Wo de baba shi nongren, gen ta yiyang (ayah saya adalah petani, sama seperti dia). Ta ye zai daotian gongzuo (Dia juga bekerja di sawah). Meitian dou gongzuo, cong qi chuang dao shuijiao (setiap hari bekerja, dari bangun tidur sampai tidur). Meiyou zuo feiji fei fei, meiyou qu waiguo lvyou (tidak ada naik pesawat untuk terbang, tidak ada berwisata ke luar negeri). Meitian dou zai gongzuo (tiap hari bekerja). Weishenme? (Kenapa?) Yinwei.. meiyou ta henduo ren bu chifan (Karena... tidak ada dia banyak orang tidak makan). Ren ren e si le (Orang-orang sudah kelaparan sampai mati). Women ye e si le (kita juga kelaparan). Wo jiao’ao wo de baba (Aku bangga pada Ayah saya). Women de baba bushi yi ge nongren, tamen ye shi yi ge haohan (Ayah kami bukan seorang petani,  mereka juga seorang pahlawan).” Saya bercerita sangat berapi-api.

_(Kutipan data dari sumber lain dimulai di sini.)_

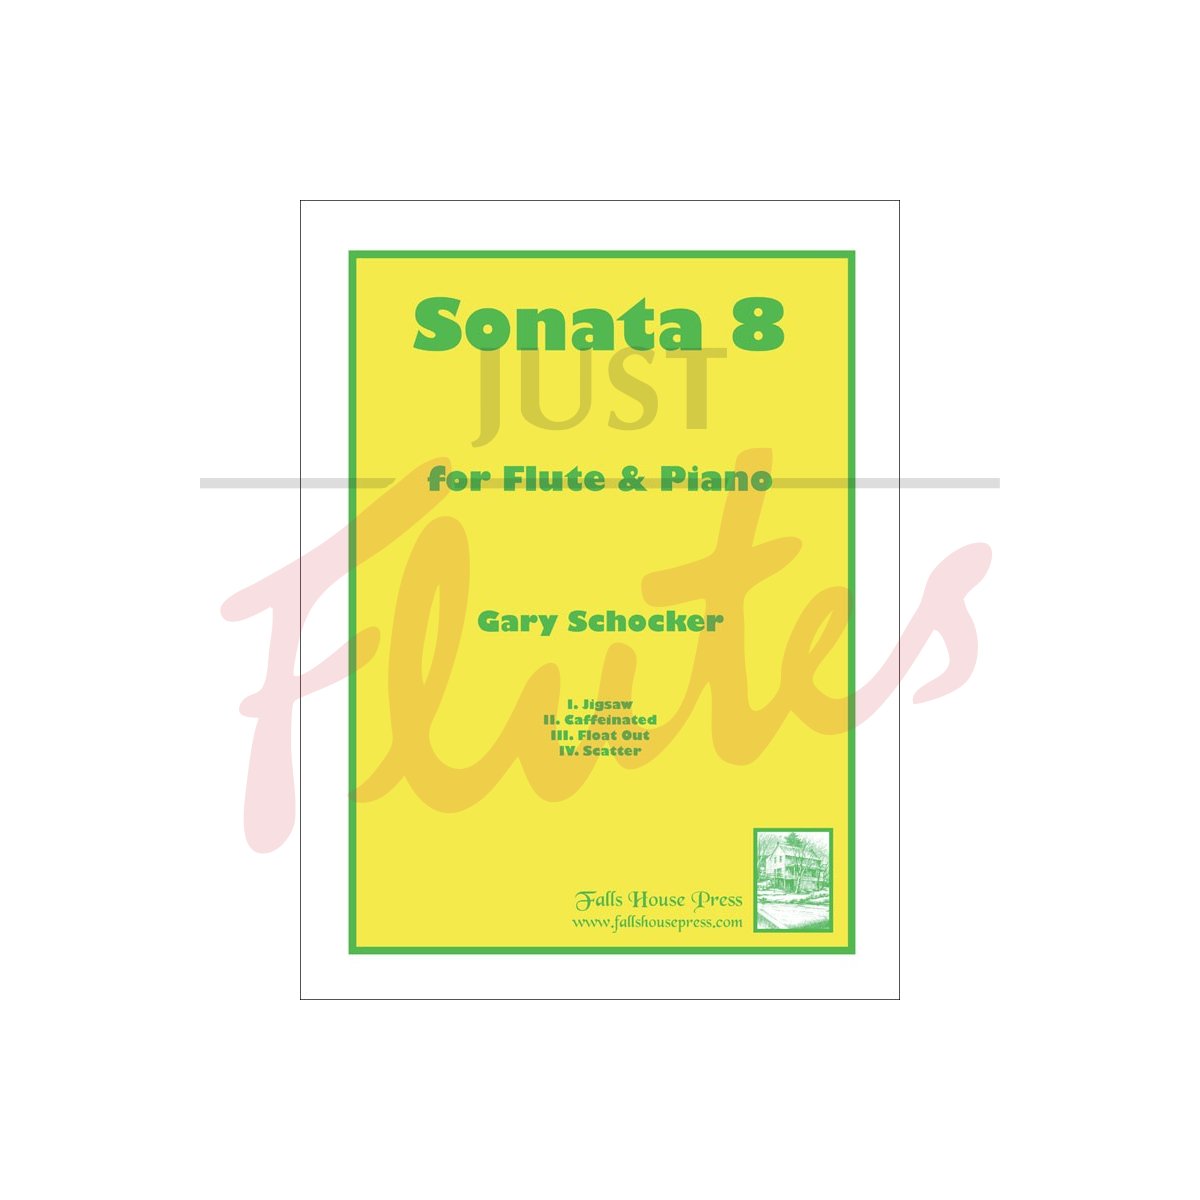 Sonata 8 for Flute and Piano

Karena gugup terlalu bersemangat saya buru-buru kembali ke meja saya. Saya tidak melihat wajah teman-teman sekalas, tetapi saya mendengar riuh tepuk tangan di kelas yang membahana. Di papan tulis, saya melihat tambahan kata daotian (sawah), jiao’ao (bangga), haohan (pahlawan).

Teman sebangku saya asal Thailand berbisik, “feichang hao (sangat bagus). You are a good public speaker.”

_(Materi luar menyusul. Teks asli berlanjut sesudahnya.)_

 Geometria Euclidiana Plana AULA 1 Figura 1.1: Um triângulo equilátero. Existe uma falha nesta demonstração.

Saya hanya tersenyum. Lantas melirik ke bangku ujung. Shahzad melihat saya, mata kami bertemu. Dia tersenyum dan mengedipkan mata. Lalu mengacungkan dua jempol pada saya.

Setelah hari itu, saya berpikir. Banyak anak-anak petani atau anak-anak yang memiliki orangtua tidak berpenghasilan tetap di awal bulan tidak berani bermimpi. Jangankan untuk kuliah di luar negeri atau merantau ke kota besar, bermimpi untuk melanjutkan paling tinggi saja tidak. Secara umum, mereka tidak salah. Karena lingkungan masyarakat juga seringkali membuat gap pendidikan yang besar untuk profesi tertentu berada di pendidikan tertentu.

Tembok berupa anggapan itu bisa diruntuhkan dengan memberi bukti. Tidak ada yang tidak mungkin kalau usaha maksimal dari diri sendiri ada. Banyak orang-orang sukses memulai kesuksesannya dari nol. Bukan kesuksesan warisan karena orangtuanya sudah mapan duluan.

Hari itu saya benar-benar tulus menyebutkan “wo de baba shi nongren. Wo jiao’ao wo de baba (ayah saya petani. Saya bangga ayah saya.) Ta shi yi ge haohan (dia adalah seorang pahlawan).”